Потому-то чисто человеческая сторона одиночества Тарковского отчасти объяснима "атмосферически-историческими" условиями нашей "одной шестой части суши". Да и в самом деле, разве сразу, немедленно, без всяких изысканий не ощутима некая особица Андрея Тарковского, некая его принципиальная неслиянность с окружением, в самом широком смысле этого слова? Как будто он сделан из другого материала. Разве не лежит на нем, словно бы с рождения, печать какого-то чужеземства?
Диссидентов мы, в общем-то, худо-бедно понимаем: они борются. Но когда человек не борется, а просто живет и при этом "совершенно не гибок"... К тому же не сектант, не хватается ни за идеи, ни за религии... Возможность понимания такого человека катастрофически падает.
Но можно пойти другим путем и увидеть одиночество Тарковского в одиночестве его героев: в одиночестве Рублева, Ивана-сироты, в одиночестве Криса и Хари-фантома, 'в одиночестве Сталкера и всего этого тройственного семейства, в одиночестве Писателя, одичавшего от тупиковых мыслей, Андрея Горчакова, в одиночестве Виктора, друга Александра, и, наконец, самого Александра, сжигающего свой дом.
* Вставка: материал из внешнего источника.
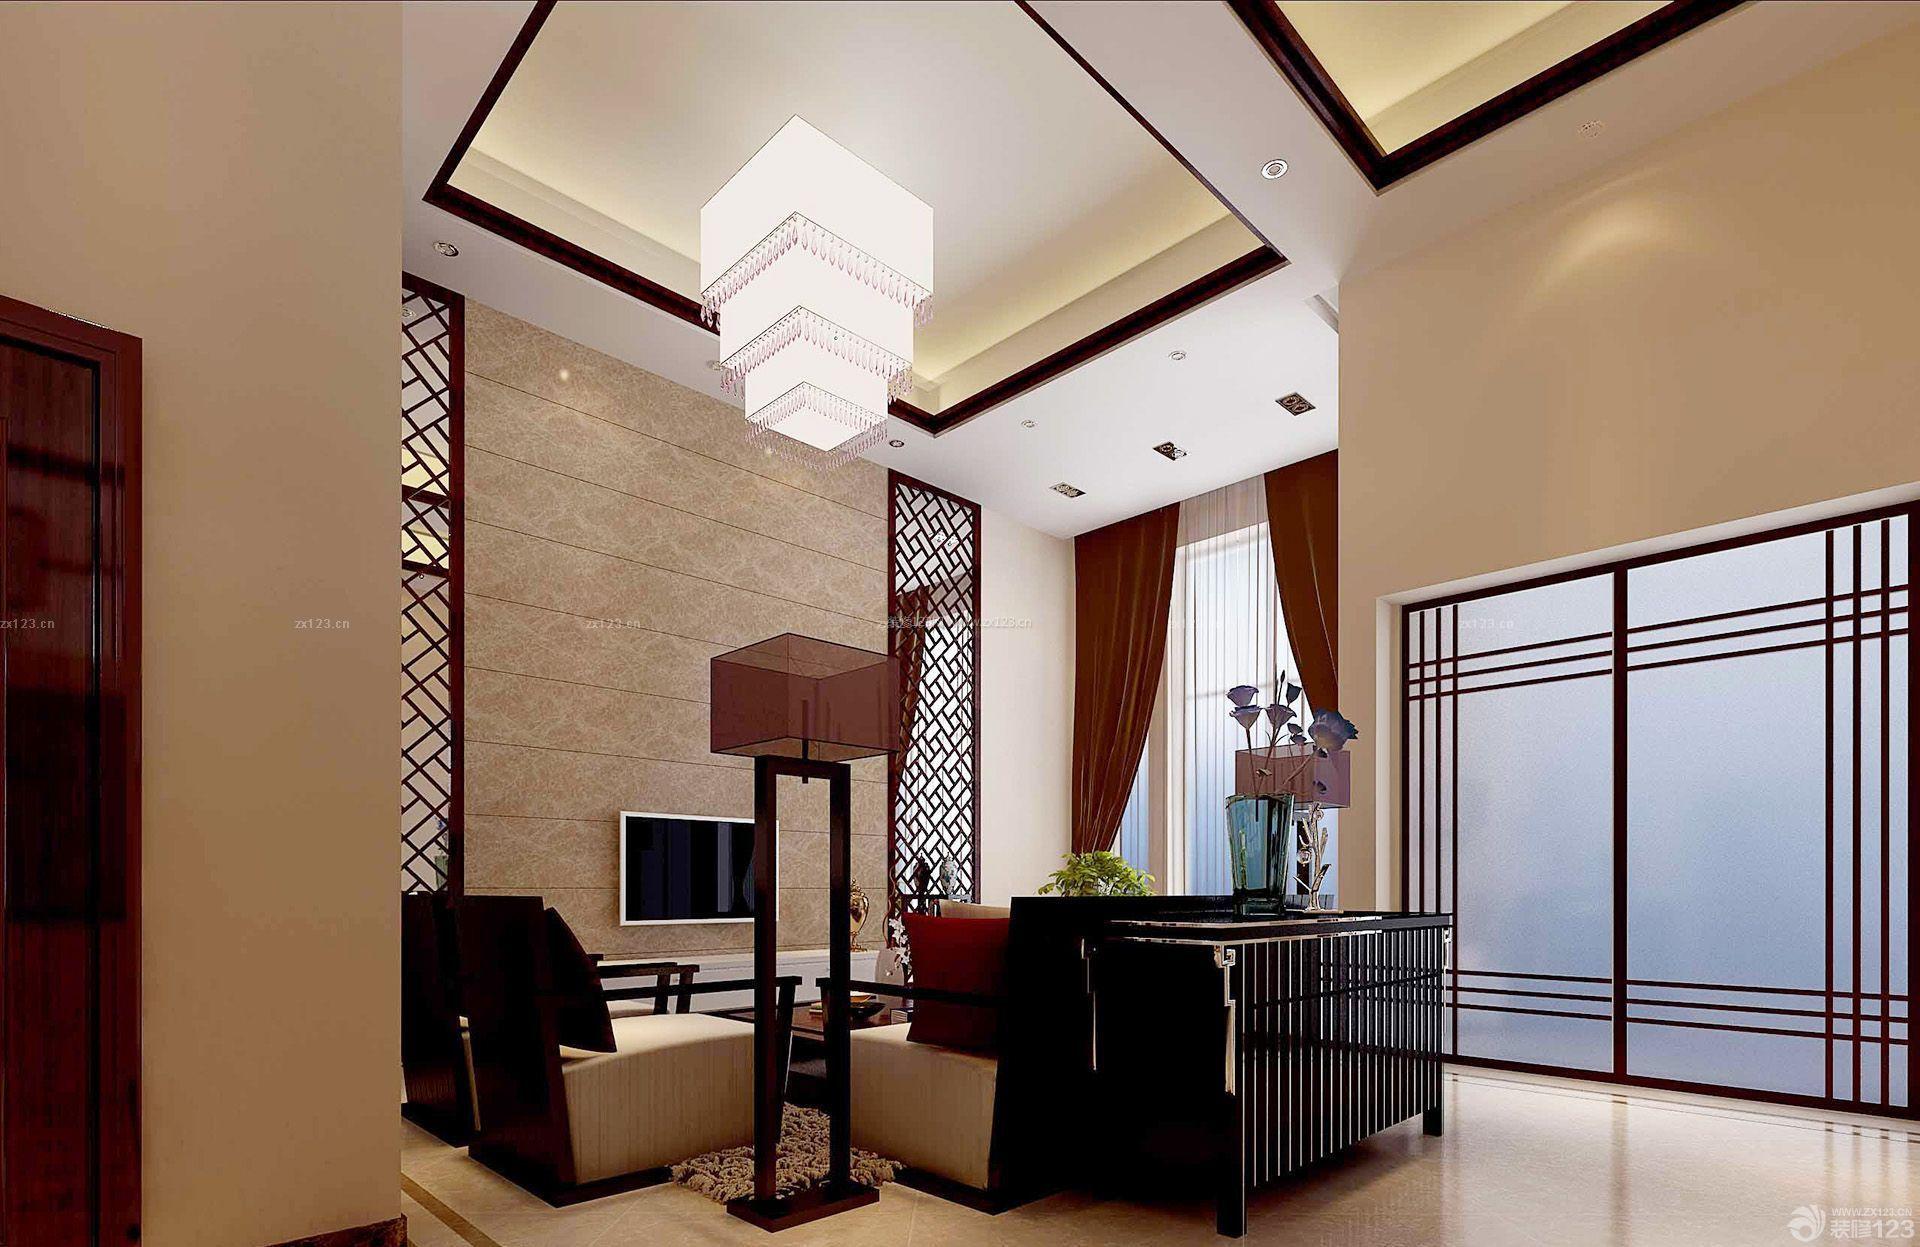 中式风格挑高客厅房屋装修效果图大全90

Лишь по мере того, как мы будем всё внимательнее всматриваться в характер и суть каждого конкретного одиночества, ощущать его тон и направление, а затем соединим их все в естественном единстве, мы сможем почувствовать некую полифонную музыку души, которая странным образом окажется близка "исторически-конкретной" музыке души Тарковского. Но это, конечно, метафизическая музыка.
(3)
Именно "Рублев" стал переломным фильмом в судьбе Тарковскогo. Как только не измывались над фильмом чиновники! В конце концов он был законсервирован и пять лет пролежал киноархиве. Лишь "утечка" его на Запад и бурный там успех, в том числе у элиты общества, причем успех в качестве фильма не только не диссидентского, но восславляющего
Русь и величие русского человека, заставили власть одуматься и в 1971 году выпустить картину, в несколько сокращенном виде, на советский экран.
Пять лет не просто ожиданий, отчаяния, оскорбленности и безработицы, почти нищеты, но тщетной, изнурительной борьбы за фильм. Это были годы стремительного повзросле-ния Тарковского, годы первого глобального внутреннего кризиса, когда он совершенно отчетливо понял, что обречен пройти свой путь один и что пути этому суждено быть страдальческим. Он понял это всем своим существом, и о том свидетельствуют и его дневник, и немногие, крайне лаконичные, устные признания. Снова послушаем свидетеля.
"Я никогда не забуду, наверное, самый первый, открытый для профессионалов просмотр "Андрея Рублева" в большом зале "Мосфильма", переполненном коллегами, друзьями, знакомыми и работниками студии. Свет погас, и напряженная тишина поначалу зависла в зале. Но по мере того, как начали возникать сцены, уже охарактеризованные во время съемок в какой-то газетенке как "жестокие и натуралистические", над залом поплыл гул как будто бы "добропорядочного" возмущения, взрывавшийся время от времени прямо-таки улюлюканьем.
Еще до просмотра, на фоне всем известной тогда заметки о том, что Тарковский на съемках чуть ли не умышленно едва не спалил Успенский собор, поджигал коров и ломал ноги лошадям, ползли все более упорные слухи еще о собаках, которым отрезали ноги, чтобы они ковыляли в таком виде по снегу ему на потеху! Так что общественное возмуще ние на самом деле непростого зрительного зала было короновано прозвучавшим на весь зал приговором одного из хозяйственников "Мосфильма" Милькиса: "Это не искусство - это садизм!" Приговор этот застрял в наших душах точно нож - не случайно я, никогда не знавшая почти ни одного имени разного рода руководящих деятелей, до сих пор помню его имя.
Помню также очень хорошо самого Тарковского после просмотра: бледного, напряженного, одиноко притулившегося где-то у выхода из зала. О его одиночестве в тот момент я говорю вовсе не в метафорическом, а в буквальном смысле.
Трудно, наверное, поверить теперь его поклонникам в то, что Андрей стоял действительно совершенно один, а люди, выходившие из зала, прятали глаза, умудряясь его обойти и устремляясь струйками, точно по заранее проложенному руслу. [Тогда это был первый и, может быть, самый неожиданный [для него "сюрприз"! Мы с мамой, которую я приволокла на просмотр фильма, среди немногих подошли к Андрею, чтобы крепко пожать ему руку. Он поблагодарил, вежливо усмехнувшись.